__WHAT TO WORK ON__:
Return only the lines running from the top of the entries to the line with "Qty 2 - Honeywell. Model 11ZS1. New in box.", inclusive, exactly as written.

__DATA IN THIS EXERCISE__:
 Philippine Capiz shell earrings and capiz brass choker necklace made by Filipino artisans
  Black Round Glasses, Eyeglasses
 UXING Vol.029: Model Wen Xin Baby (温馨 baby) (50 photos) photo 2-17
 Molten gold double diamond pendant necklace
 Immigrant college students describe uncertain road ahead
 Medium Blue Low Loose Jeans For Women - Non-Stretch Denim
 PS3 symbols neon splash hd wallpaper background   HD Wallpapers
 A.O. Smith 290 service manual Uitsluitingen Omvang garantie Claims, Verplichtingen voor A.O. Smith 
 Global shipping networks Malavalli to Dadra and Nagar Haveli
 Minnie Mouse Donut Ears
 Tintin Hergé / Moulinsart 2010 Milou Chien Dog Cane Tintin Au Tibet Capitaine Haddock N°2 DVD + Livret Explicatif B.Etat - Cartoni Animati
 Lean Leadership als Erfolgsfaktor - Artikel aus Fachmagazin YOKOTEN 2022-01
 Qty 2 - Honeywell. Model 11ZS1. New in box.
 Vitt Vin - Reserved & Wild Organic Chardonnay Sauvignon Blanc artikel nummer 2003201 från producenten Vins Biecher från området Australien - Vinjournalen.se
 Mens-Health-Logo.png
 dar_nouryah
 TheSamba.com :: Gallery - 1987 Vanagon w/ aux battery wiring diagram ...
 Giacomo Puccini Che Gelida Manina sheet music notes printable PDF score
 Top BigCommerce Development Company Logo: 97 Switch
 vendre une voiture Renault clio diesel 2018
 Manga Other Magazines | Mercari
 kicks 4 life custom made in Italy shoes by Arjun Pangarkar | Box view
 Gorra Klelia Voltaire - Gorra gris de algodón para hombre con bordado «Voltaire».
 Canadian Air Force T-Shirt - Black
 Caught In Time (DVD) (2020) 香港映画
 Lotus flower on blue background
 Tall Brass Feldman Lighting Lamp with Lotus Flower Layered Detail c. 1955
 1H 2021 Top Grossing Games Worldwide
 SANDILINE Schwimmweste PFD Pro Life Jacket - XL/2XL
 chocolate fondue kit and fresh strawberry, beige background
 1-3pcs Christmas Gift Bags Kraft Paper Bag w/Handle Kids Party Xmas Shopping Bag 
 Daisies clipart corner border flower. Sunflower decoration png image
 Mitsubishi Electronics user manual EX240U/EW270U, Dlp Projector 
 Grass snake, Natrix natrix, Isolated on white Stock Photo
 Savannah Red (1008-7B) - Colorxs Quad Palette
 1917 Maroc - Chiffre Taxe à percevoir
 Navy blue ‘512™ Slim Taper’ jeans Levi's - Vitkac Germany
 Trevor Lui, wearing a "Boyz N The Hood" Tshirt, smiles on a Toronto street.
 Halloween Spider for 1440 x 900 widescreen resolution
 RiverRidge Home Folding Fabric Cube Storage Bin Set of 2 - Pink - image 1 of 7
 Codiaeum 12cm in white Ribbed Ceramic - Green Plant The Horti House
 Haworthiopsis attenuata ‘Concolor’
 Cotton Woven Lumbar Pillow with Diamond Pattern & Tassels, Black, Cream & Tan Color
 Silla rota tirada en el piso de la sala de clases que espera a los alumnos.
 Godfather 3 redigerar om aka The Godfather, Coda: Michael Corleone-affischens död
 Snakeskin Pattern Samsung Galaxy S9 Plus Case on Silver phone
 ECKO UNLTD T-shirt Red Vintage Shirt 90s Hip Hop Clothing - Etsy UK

__SOLUTION TO THE EXERCISE__:
 Philippine Capiz shell earrings and capiz brass choker necklace made by Filipino artisans
  Black Round Glasses, Eyeglasses
 UXING Vol.029: Model Wen Xin Baby (温馨 baby) (50 photos) photo 2-17
 Molten gold double diamond pendant necklace
 Immigrant college students describe uncertain road ahead
 Medium Blue Low Loose Jeans For Women - Non-Stretch Denim
 PS3 symbols neon splash hd wallpaper background   HD Wallpapers
 A.O. Smith 290 service manual Uitsluitingen Omvang garantie Claims, Verplichtingen voor A.O. Smith 
 Global shipping networks Malavalli to Dadra and Nagar Haveli
 Minnie Mouse Donut Ears
 Tintin Hergé / Moulinsart 2010 Milou Chien Dog Cane Tintin Au Tibet Capitaine Haddock N°2 DVD + Livret Explicatif B.Etat - Cartoni Animati
 Lean Leadership als Erfolgsfaktor - Artikel aus Fachmagazin YOKOTEN 2022-01
 Qty 2 - Honeywell. Model 11ZS1. New in box.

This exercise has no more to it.